By Sonali Desai

He is one God who has the most interesting story in the Hindu mythology. Every year he is welcomed with utmost joy and ethusiasm. Before he arrives, our sculptors get busy in creating him. The preparations are in full swing in the city as Belgaum approaches the big festival. Belgaum being the border district enjoys the perquisite of celebrating the Ganesha festival in the Mumbai spirit. Most sculptors in Belgaum start their work three months before the festival, some take orders and some create Ganesha idols with some target in mind. Gigantic Ganesha idols stand undressed, undone in most of these Ganesha sculpting studios. They are busy giving the idols a finishing touch.

Ganesha can be huge or petite but since he is popular amongst all age groups he becomes the favorite God of all. Ganesha will soon be received with great gusto and fervor in most homes. But what goes into the making of these idols? Most sculptors talk about the changes that they have witnessed in the sculpting of a Ganesha idol in the present day.

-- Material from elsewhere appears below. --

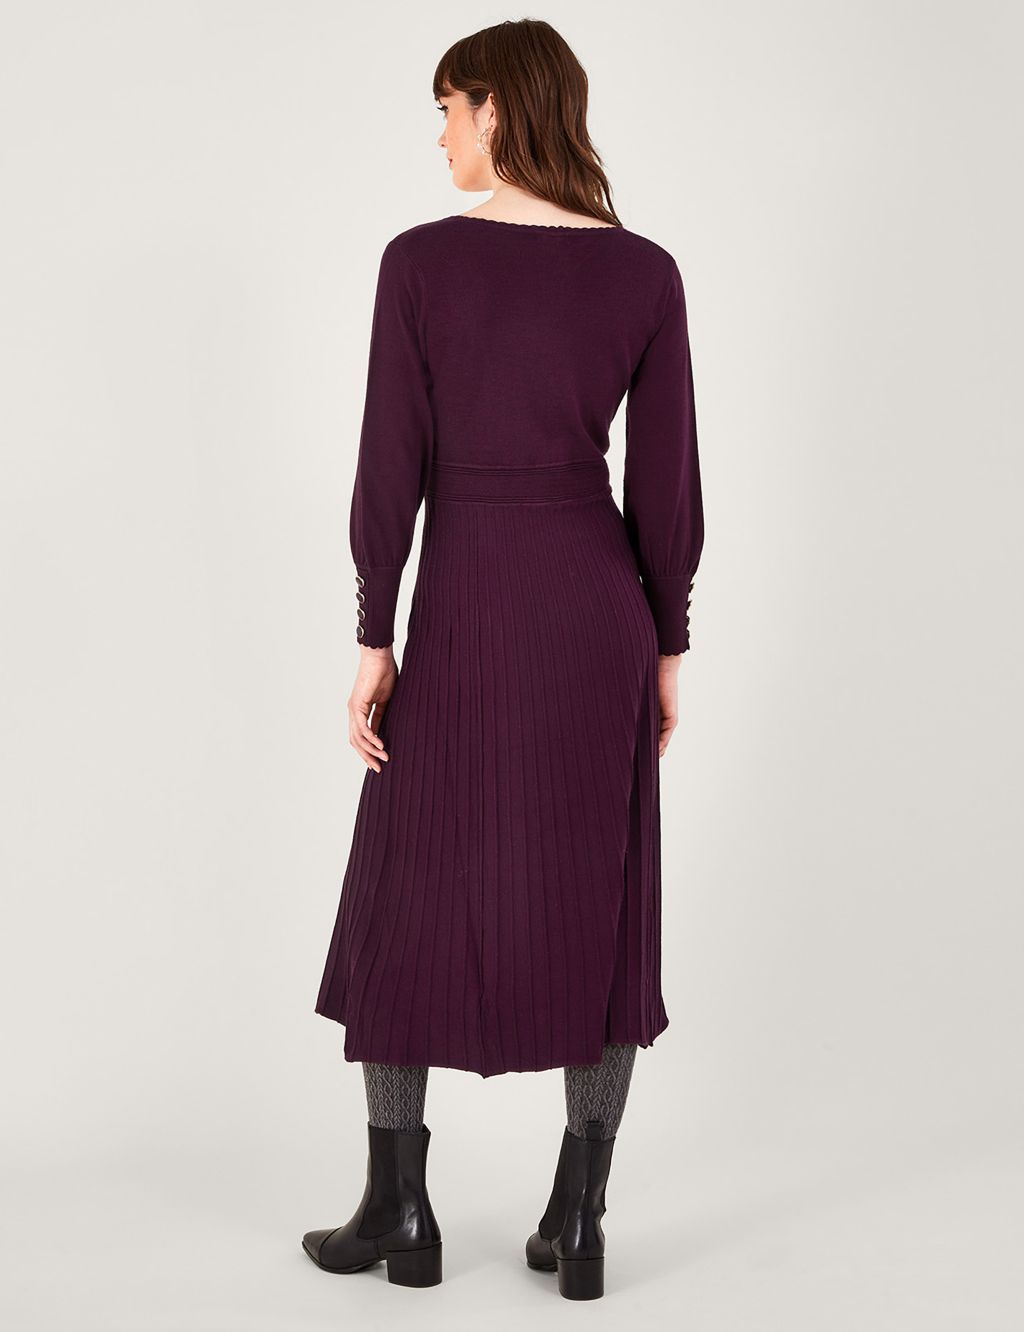 Knitted Pleated Midi Waisted Dress image 2

“Most idols today are fantasy based. In the past, Ganesha idol was created on the root of mythology but today Ganesha is given several avatars, be it political or social issue,” said Sanjay Killekar, sculptor.

As you enter Ramdev Galli, opposite Subhash photo studio a small lane opens to a huge gate on the left-side. You see people standing in front of a gate, keenly admiring the making of Ganesha idols. It’s a Sanjay Killekar’s sculpting studio. There are around 20 Ganesha idols in the making.

Sanjay is sculpting a 14 feet idol that will be received by Shukravarpeth residents. He takes orders for only big size; idols above 10 feet. “Most of the idols are for Belgaum, only one order has come from Goa,” said Sanjay. He has finished his diploma in sculpture at JJ school of Art, Mumbai.

It’s been 20 years he has been sculpting, and does not belong to a family of sculptor. His father works at a milk Dairy. Talking about how he got into this profession, Sanjay said, “There are many sculptors near my house; the surrounding was such that I got inspired. I was also good in drawing and that is how I entered this field.”

Another sculptor who specializes in creating big-size Ganesha idols from last twenty is Pranam Vishal Vishnupanth Gode. He graduated from Beynon Smith School of Fine Arts in the year 1989, and started with sculpting small-size Ganesha. “I come from hotel background but I was interested in painting and that’s how I started on my own in the year 1996,” said Vishal.

Today, he has sculpted around 1600 idols. He has both big and small sized Ganeshas which are priced between Rs 325 and Rs 18,000. Twenty of his Ganesha idols orders have come from Hubli, Dharwad and Davangere. He also informed that, “the sculptor who created Lal Bagh cha Raja (Ganesha idol) has issued a copyright of this model and hence this is the only year in which Lal Bagh Cha Raja Ganesha can be created. It has been banned next year.”

If Sanjay and Vishal have chosen their own passion for sculpting, then Venkatesh Rao Mudgokar is taking forward the familial trade of sculpting Ganesha idols. It’s been 60 years since their family is selling Ganesha idols of small-size. At 74, Venkatesh has managed to create all the 500 idols under the assistance of his son, Sunil, grandson and daughter-in-law. He started carving Ganesha at the age of 12, and has fascination for making eyes. “We usually make mandap size Ganeshas that is mostly demanded by Brahmin families,” he said.